>>>>

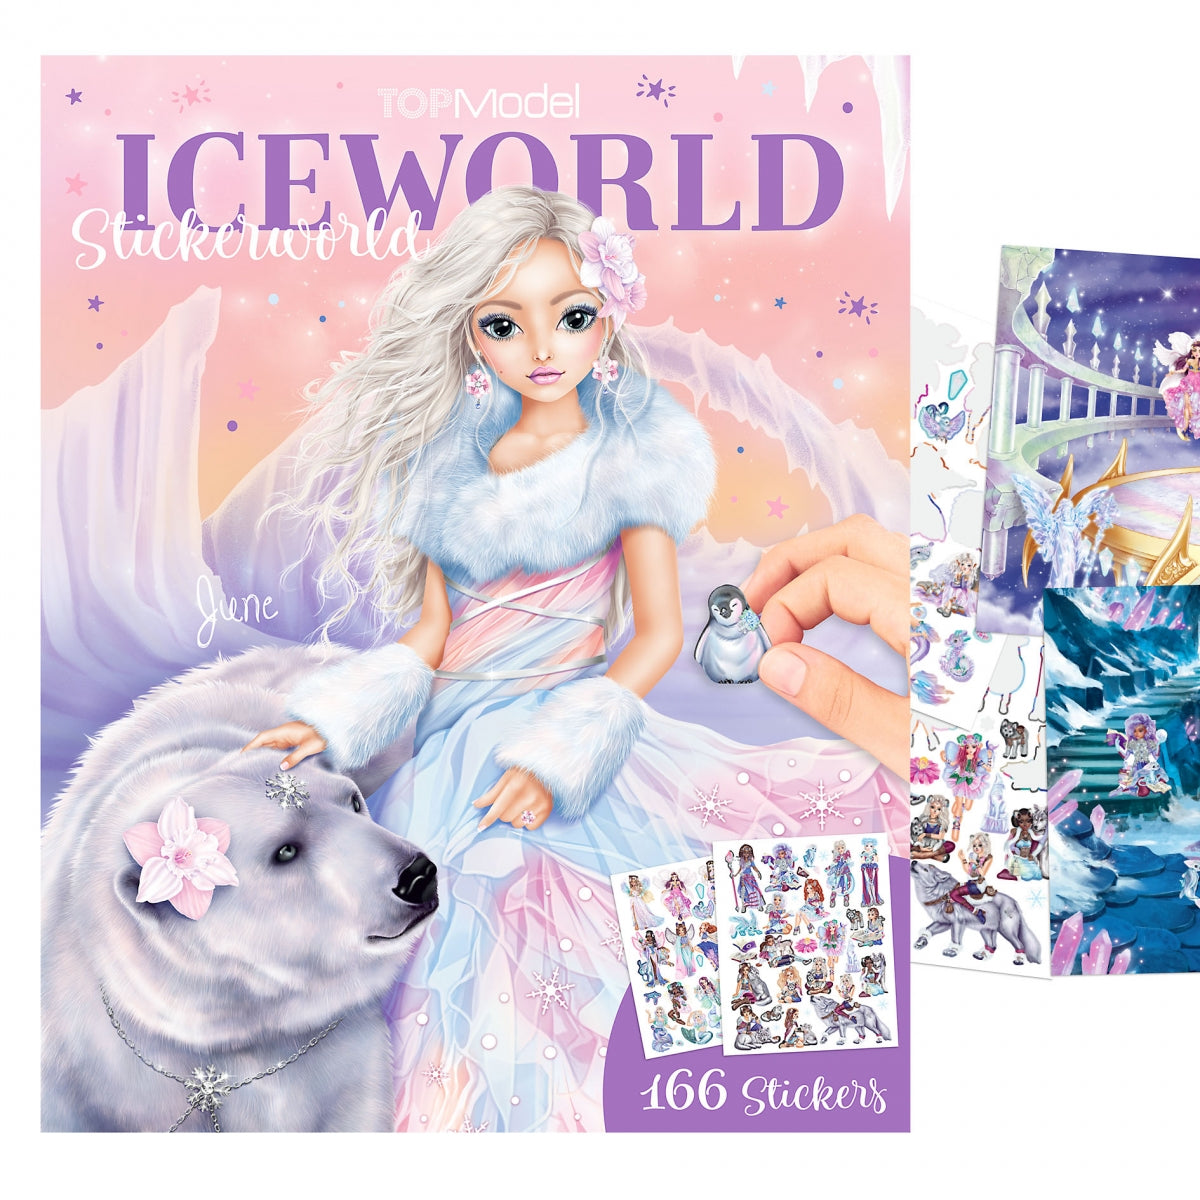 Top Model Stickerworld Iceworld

<<<<
>>>>

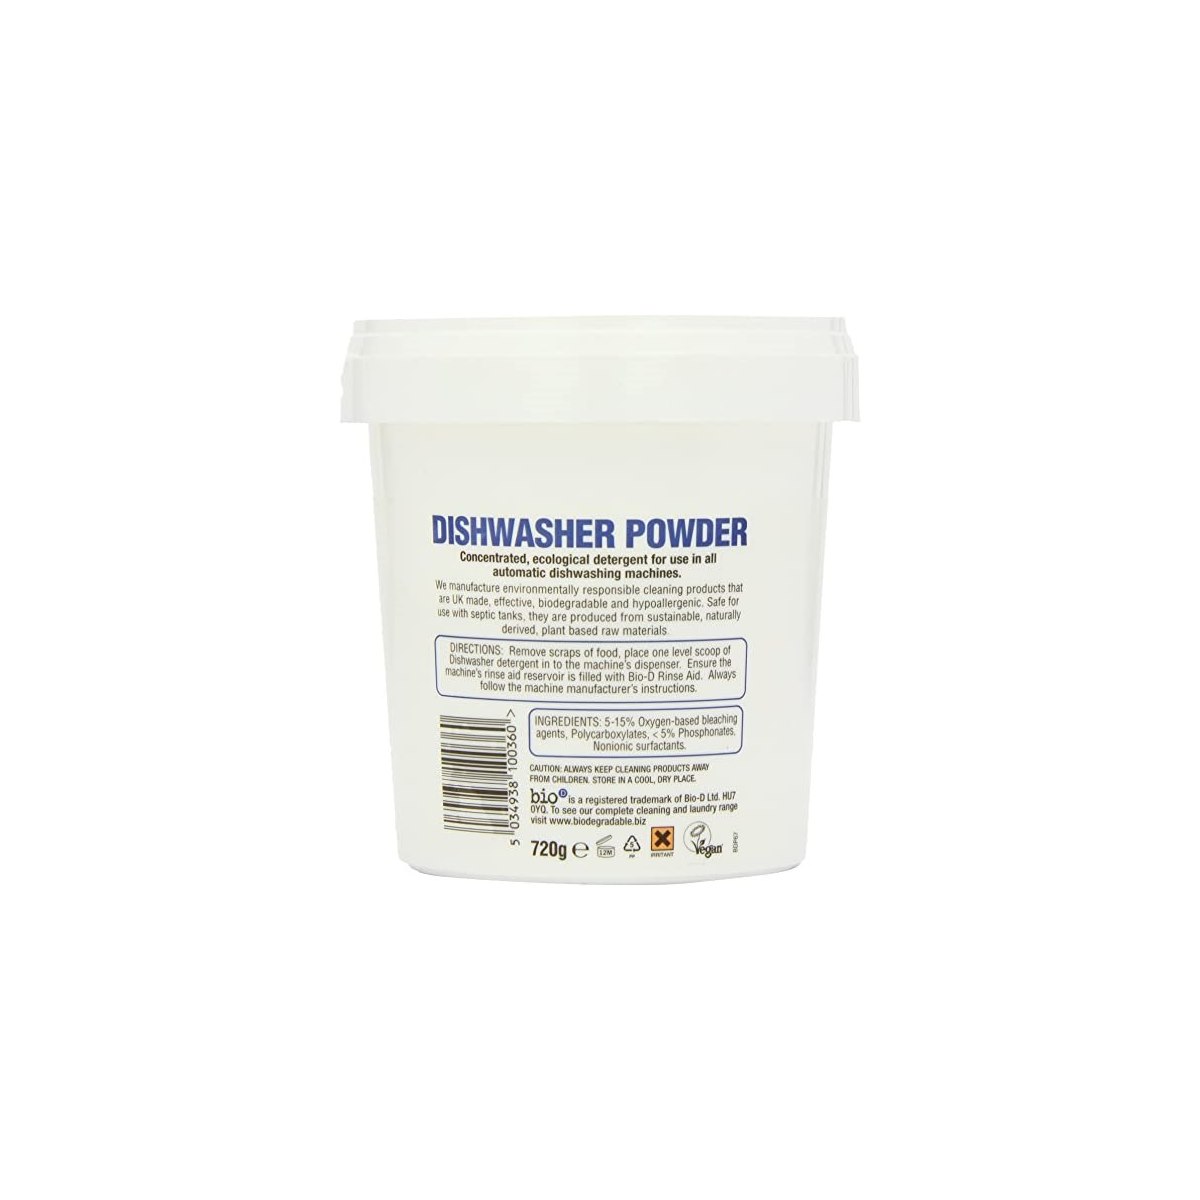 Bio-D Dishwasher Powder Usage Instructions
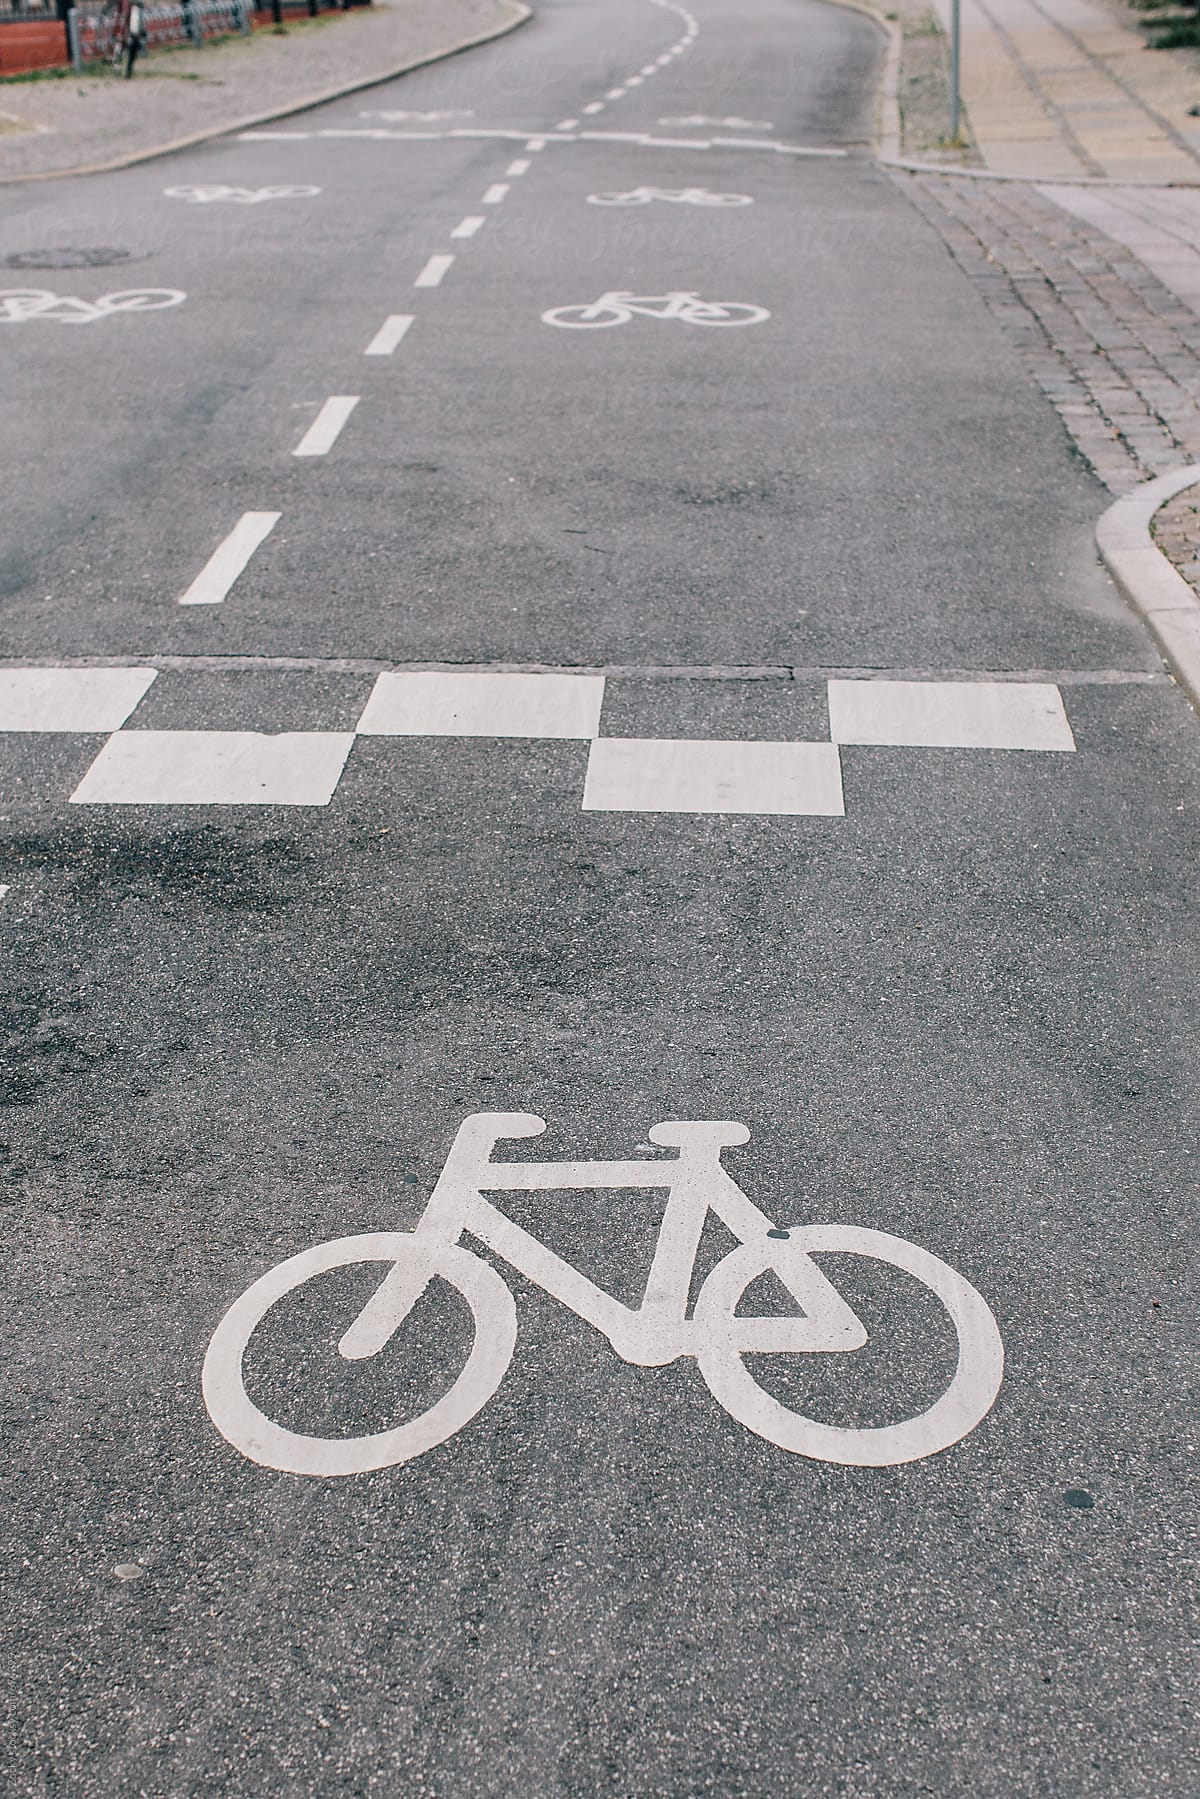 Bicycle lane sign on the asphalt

<<<<

Exercise brief: Reproduce the listing above exactly from the line containing "Bio-D Dishwasher Powder Usage Instructions" up to and including the line containing "Bicycle lane sign on the asphalt", omitting any images and everything outside those lines.

Solution to this problem:
 Bio-D Dishwasher Powder Usage Instructions
 Bicycle lane sign on the asphalt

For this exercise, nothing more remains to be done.